Okay I started this chair Jan 28th 2010 I wanted to get finish put on after 30 days…... simple goal eh?

To my credit I got everything I could have done until I needed to use th 1/2'' rabbit and 3/4 round over I did not have but ordered took 10 days to get here )-:

So far total working days possible - 16

Progress










This is a rocker design by Hal Taylor, I purchased his templates, PDF book, and video. I was at first a little on the fence as it started to add up already with just the costs for Hal's stuff. I must say it was worth it, everything you get helps you tremendously!

I'm using wormy soft maple that was cut about 5 yrs ago by my brother on his woodmizer air dried, 3'' thick!

So I easily dressed it to the required dimensions, and was happy that all the gray stain planed away taking it from 3'' to just over 2'', now I kinda wish I had my MM20 setup at the point to resaw some wood, at least for drawers or something.

Anyways I meant to have a daily update I did not and still won't but I will update frequently as I work on it and I will be working over time…lol

I have taken pictures of all parts so far










I have almost finished the seat including leg joints


































Arms have been coved on the table saw and cut to shape










Legs have had a lot of work on them!

Head rest is cut out ready to be mounted ( dang forgot to take that picture BRB )

...

...
...

....
Okay took the picture









Back braces have been all glued up










Rockes have been glued up and cleaned up 80%


















Front legs have also had lot's of work done to them










I guess that's all the parts, not to many but lot's of time!

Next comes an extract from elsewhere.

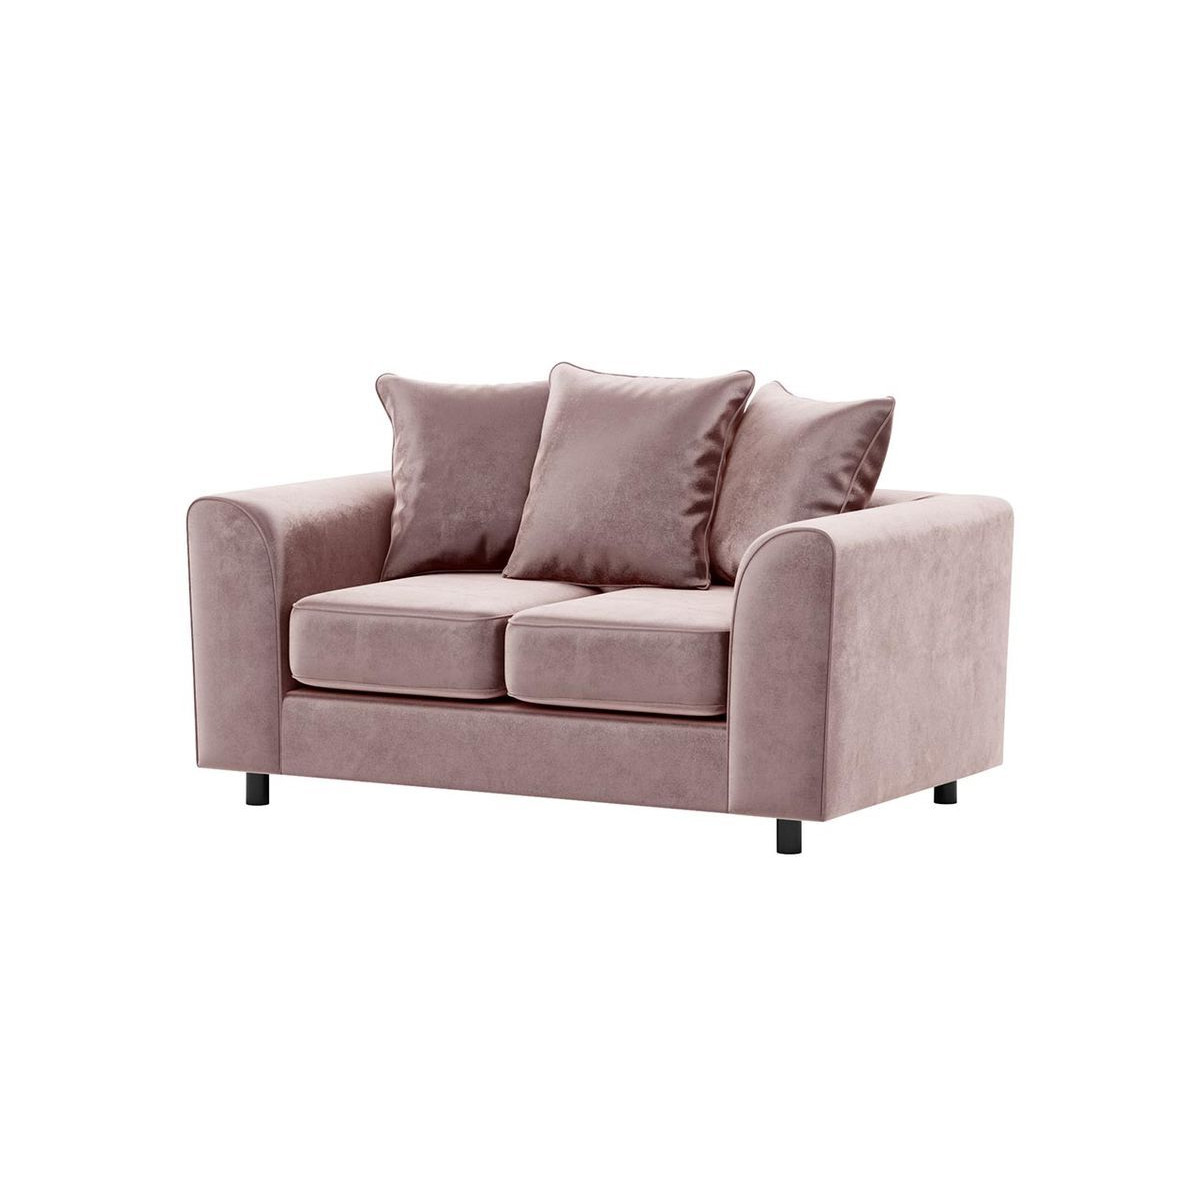 Dillon Velvet 2 Seater Sofa Bed, pastel pink - image 1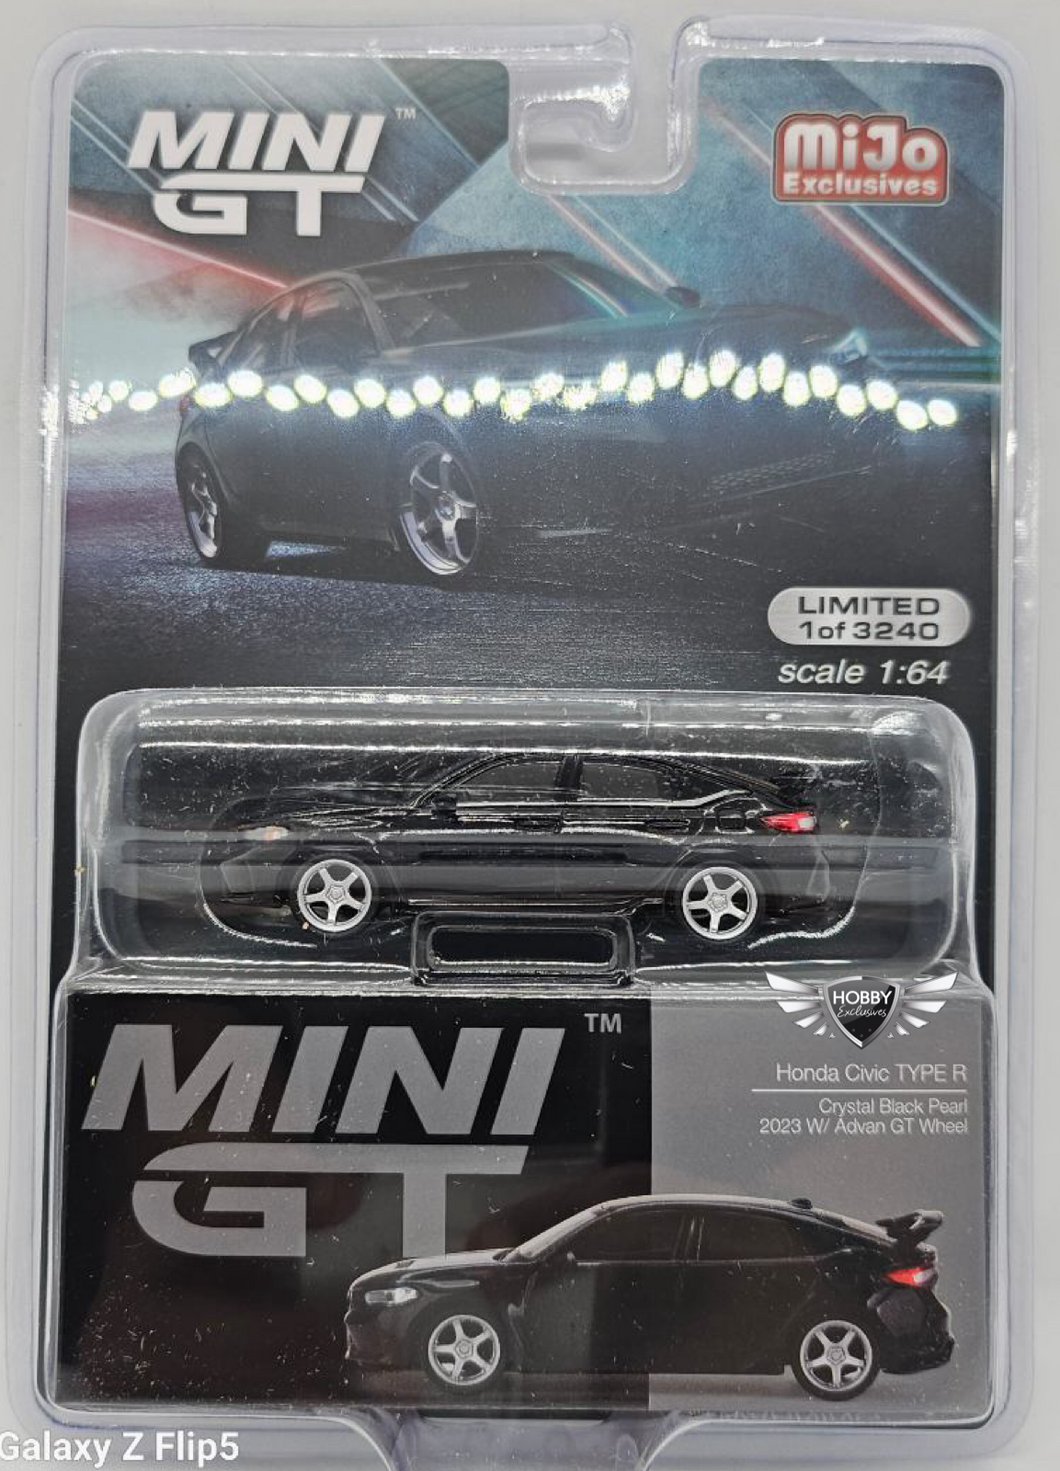 Honda Civic Type R Crystal Black Pearl 2023 W/ Advan GT Wheel #585 Mini GT MiJo Exclusives

Oh here's a pic of tools used on seat to make it purdy, and in my opinion the best tool of course in the angle grinder with kutzall disc. BUT in a close second I must say the hand scraper is an amazing tool, I only started using one a couple months ago, keep her sharp and it's a dream to use….. I do burn my fingers though. (-:


----------



## a1Jim (Aug 9, 2008)

CanadianWoodWorks said:


> *First progress report*
> 
> Okay I started this chair Jan 28th 2010 I wanted to get finish put on after 30 days…... simple goal eh?
> 
> ...


Good progress


----------



## CanadianWoodWorks (Dec 29, 2009)

CanadianWoodWorks said:


> *First progress report*
> 
> Okay I started this chair Jan 28th 2010 I wanted to get finish put on after 30 days…... simple goal eh?
> 
> ...


How do you reply so fast so many times? lol

and thank you


----------



## CaptainSkully (Aug 28, 2008)

CanadianWoodWorks said:


> *First progress report*
> 
> Okay I started this chair Jan 28th 2010 I wanted to get finish put on after 30 days…... simple goal eh?
> 
> ...


Very cool project and a great blog. I really respect you guys that make these chairs. They're unbelievably beautiful. The backstory on the wood is cool too. Was the time constraint self-imposed? If so why? That seems pretty ambitious to me, but what do I know. My non-woodworking friends would point out that at that rate you could make 12 chairs a year and sell them for mucho dinero.


----------



## CanadianWoodWorks (Dec 29, 2009)

CanadianWoodWorks said:


> *First progress report*
> 
> Okay I started this chair Jan 28th 2010 I wanted to get finish put on after 30 days…... simple goal eh?
> 
> ...


Ya I imposed the time frame on my self it may seem like not very long but I think If I stay the course, i'll be on my second chair in no time!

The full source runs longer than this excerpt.